Макс, немного жалел, что не может оказать услугу месье Тетанже, избавив журналиста от присутствия в Париже бывшей жены. Фон Рабе надеялся, что мадам Левина тоже появится на рю Мобийон. Еврейка, как ему донесли, подцепила в «Рице» богатого араба. Мадам Роза все время проводила с новым поклонником, в ресторанах, ночных клубах и на загородных прогулках.

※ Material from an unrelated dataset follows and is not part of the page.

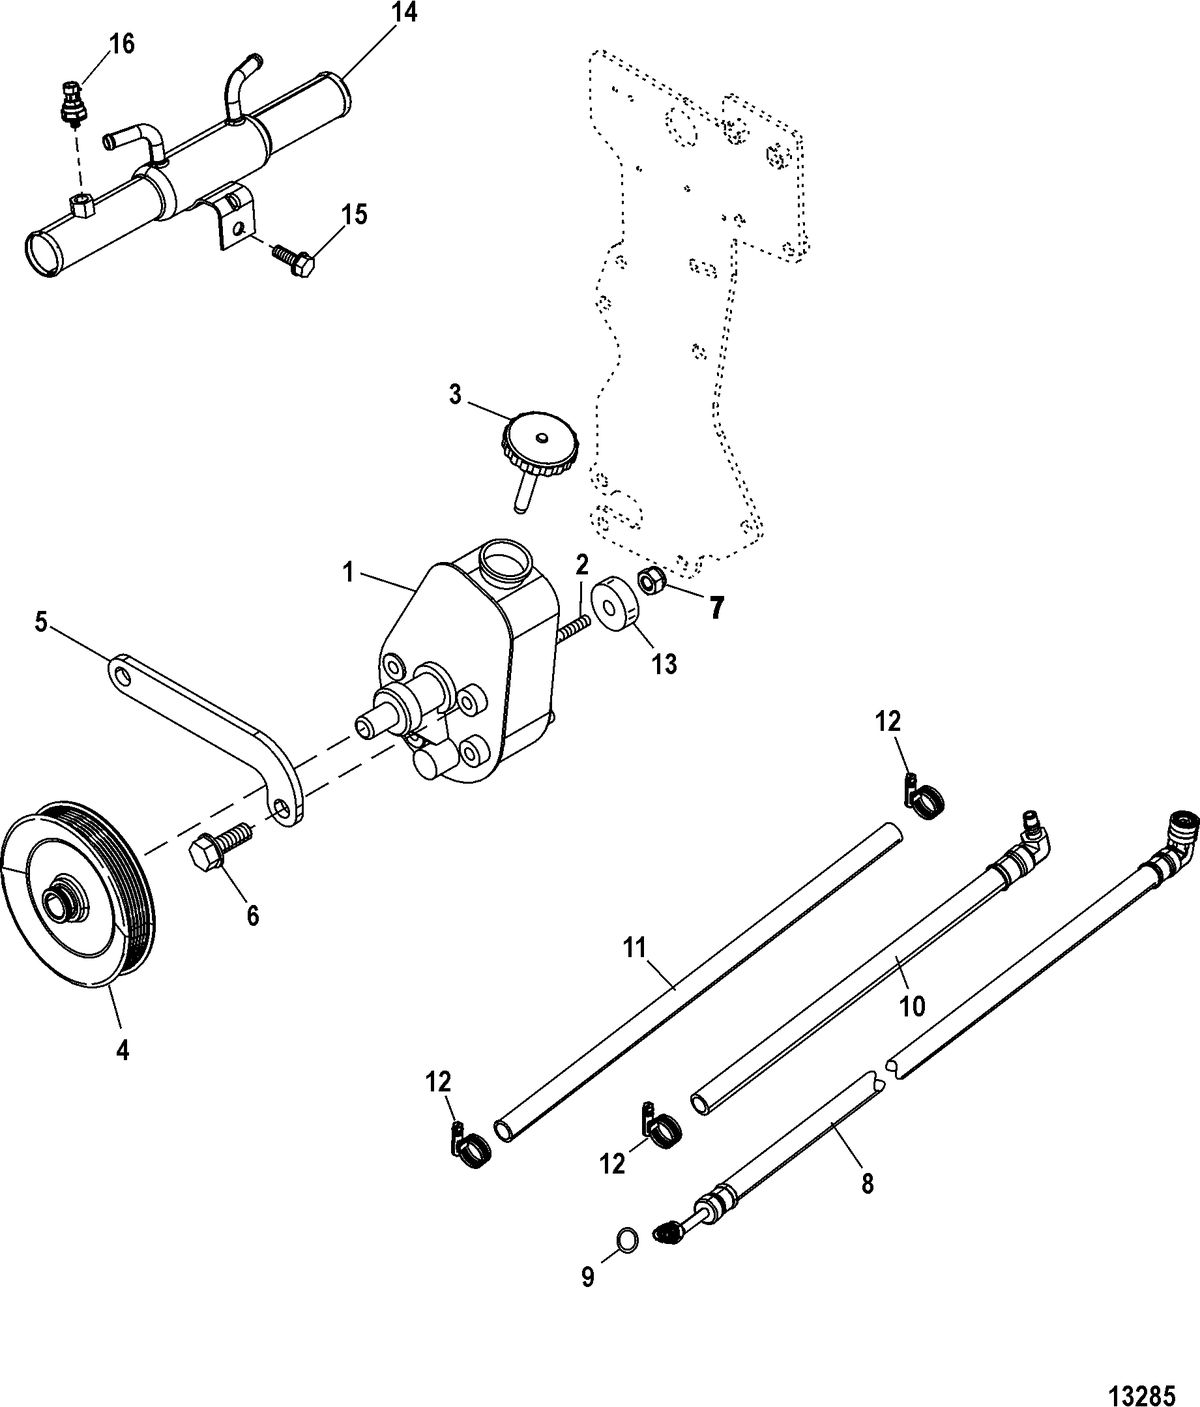 MERCRUISER 5.0L, 350, 377 MAG MPI STERNDRIVE Steering Components

– Потом, – сказал себе фон Рабе, – бриллиант важнее. Вот и она… – пани, недоуменно, озиралась. Ее крепко держали за руку. Девушка, действительно, переоделась в траурный, черный костюм:
– Она его для похорон принесла… – Макс поднял окно. Пани Гольдшмидт, пока что, не должна была его видеть. Пани была при шляпке и перчатках, но без чулок. Макс посмотрел на смуглые щеки, на длинные, казалось, бесконечные, загорелые ноги, в туфлях на высоком каблуке. Шляпка тоже была черной. Перчатки, судя по всему, девушка сунула в саквояж второпях. Они оказались коричневыми.
– Все равно, темный оттенок… – пожал плечами Макс.
Он, на мгновение, раздул ноздри:
– Посмотрим. Я получу камень, а потом…, Пусть она болтает, в Аушвице ее никто слушать не станет… – узкие бедра покачивались под юбкой. Фон Рабе вспомнил, как танцевал с мадемуазель Аржан:
– Или она дальше Дранси не уедет… – усмехнулся Макс, – я об этом позабочусь.
Гестаповцы захлопнули дверцы, машина тронулась. День выдался солнечный. Опустив козырек, Максимилиан включил зажигание. Он хотел обогнать первый автомобиль и оказаться в Дранси раньше. Фон Рабе намеревался сам обыскать арестованную, и провести первый допрос.